So I'm one year out from early retirement. I'm 52, wife 49. College expenses for our 2 daughters are set and not included in the below assets. Asset allocation is an aggressive 85/15 but looking for 70/30 (with 1 year expenses in savings) this time next year. Here's my current setup:

800K Vanguard taxable. 630K equity slice & dice, 170K bonds incl 60K in tax exempt. Tax rate now 15% so no longer need t/e bonds in this account.

550K Fidelity taxable. 350K indiv stocks, 40K each VTI and VHT, 120K cash ready to invest.

750K 401k. 90% equity (S&P and American Funds), 10% bond. Will rollover to IRA next year and will convert 50K or so each year to Roth.

110K my Roth. Mainly bonds with some VYM (Vanguard High Div ETF).

180K her Roth. 1/3 NKE, 2/3 BND and VNQ (REIT).

So more than 50% taxable, plenty to last til SS and RMDs. My question:

To get to 70/30, that equates to almost 700K of bonds. I'm at 350K now. Easiest way to do this is to add 350K when I rollover my 401K. This will obviously keep my taxes lower than to have bonds in taxable. But since I hope to convert most of this rollover to Roth before age 70 (and won't need to touch these assets for about 17 years), I'm tempted to keep this more equity heavy than this proposed 50/50. Thoughts?

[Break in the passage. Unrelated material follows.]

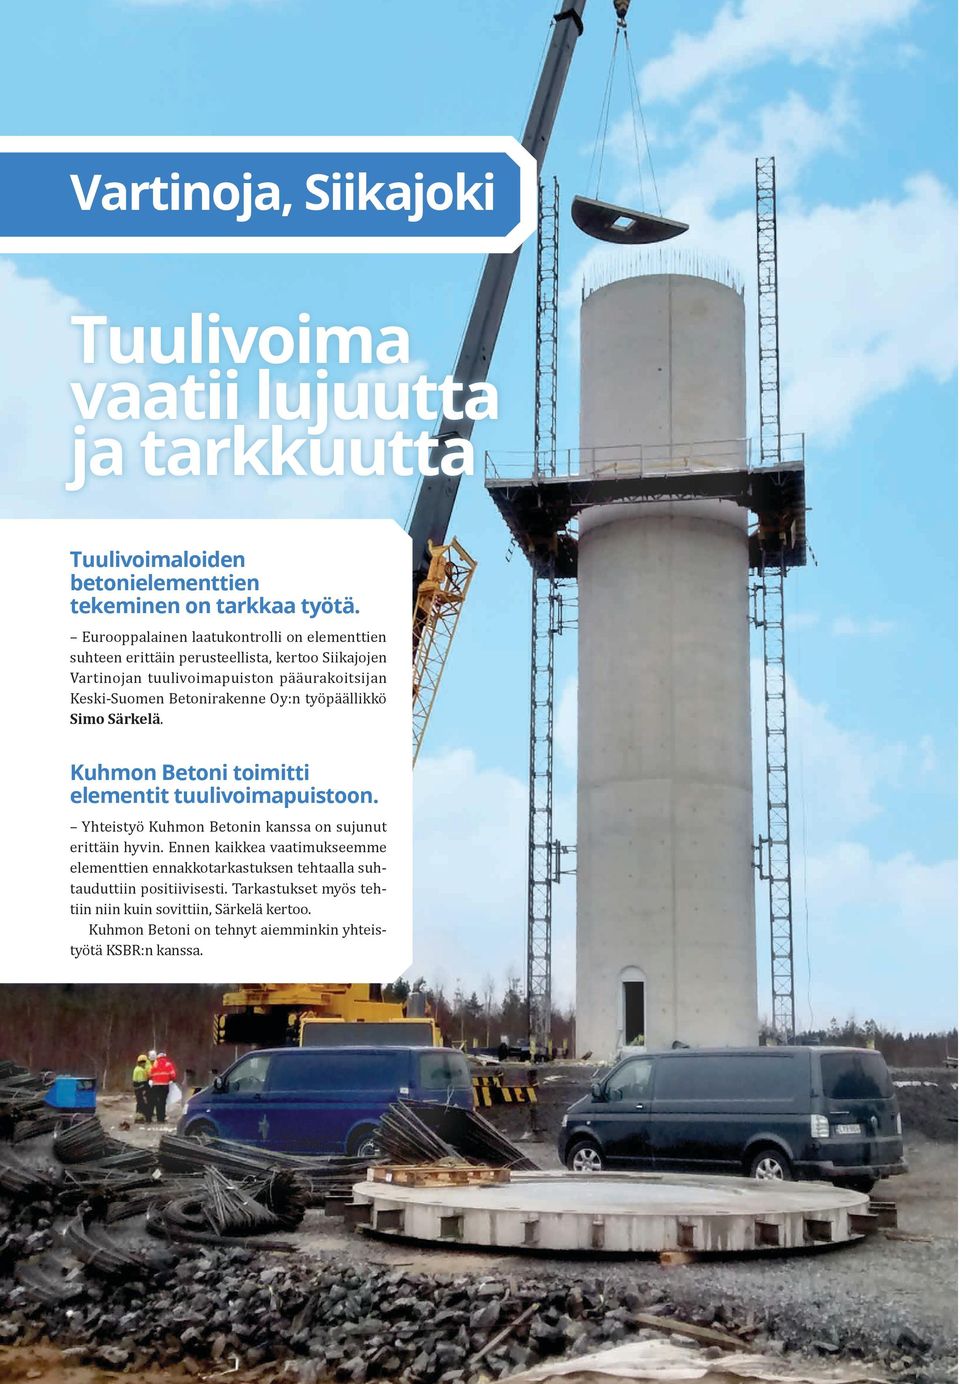 Oy:n työpäällikkö Simo Särkelä. Kuhmon Betoni toimitti elementit tuulivoimapuistoon. Yhteistyö Kuhmon Betonin kanssa on sujunut erittäin hyvin.
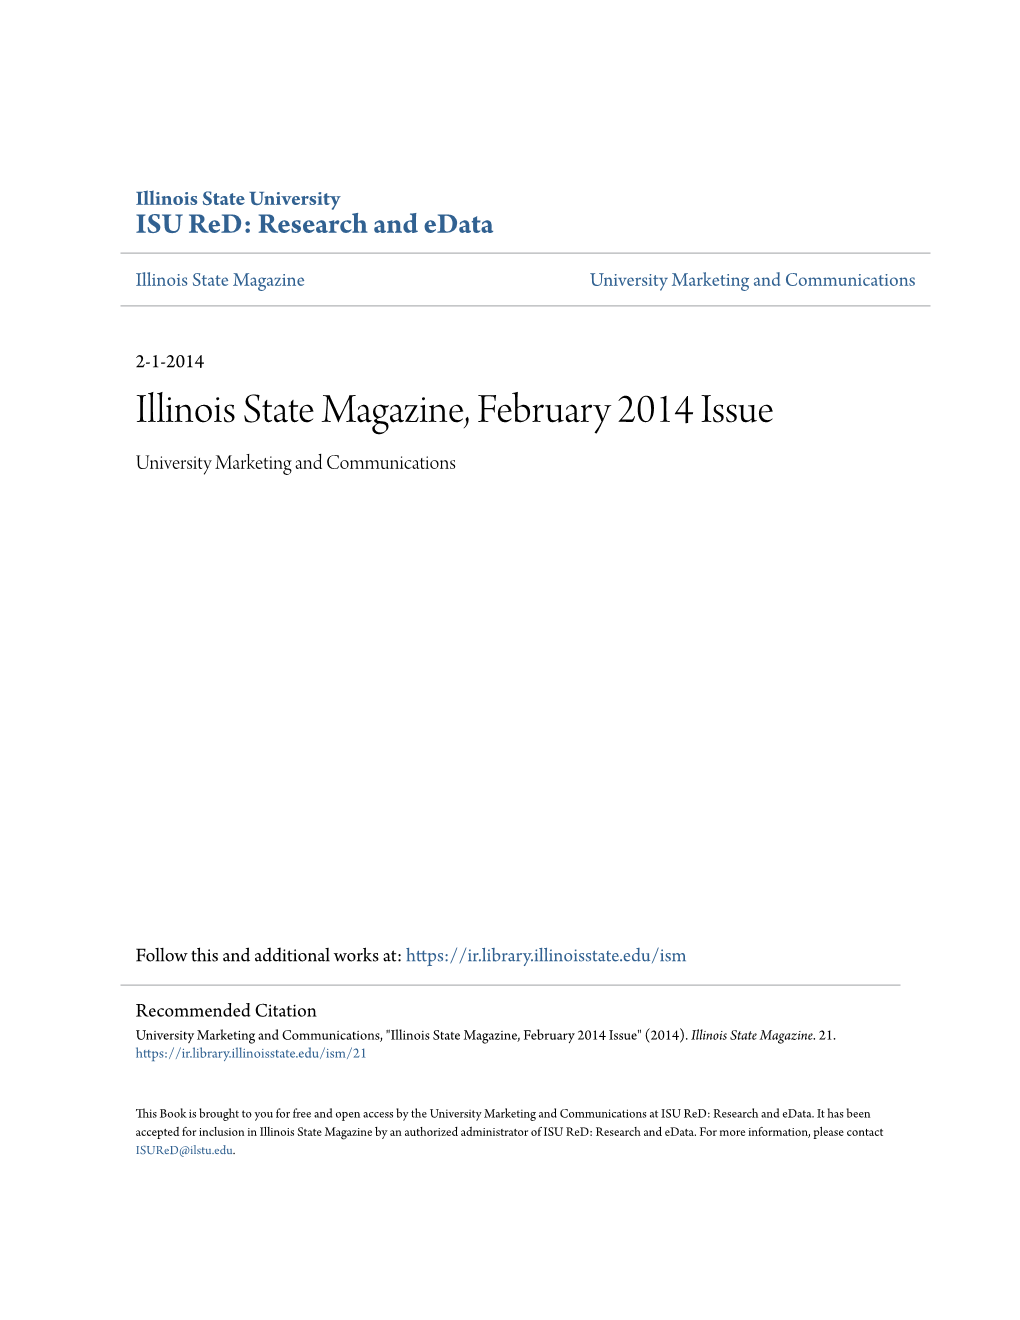 Illinois State Magazine, February 2014 Issue University Marketing and Communications

Or I can keep my rollover equity heavy, maybe 75/25, and use my Vanguard account to do some tax gain harvesting by selling some equity and simplify things by changing from slice and dice to a 3-4 fund portfolio. I like the idea of fewer funds. But I'd obviously increase my tax bill by adding 250K or so of bonds in taxable. The monthly bond dividends would aid my cash flow and would mean fewer equity sales for my expenses. I'd love some advice on selling bonds vs stocks for my expenses as well.

I am looking to sell some of my individual stocks in ER to live on, but I will probably contribute some to a donor advised fund to minimize my taxable gains. I am satisfied with our current Roths but am open to some changes as well.

Thanks in advance.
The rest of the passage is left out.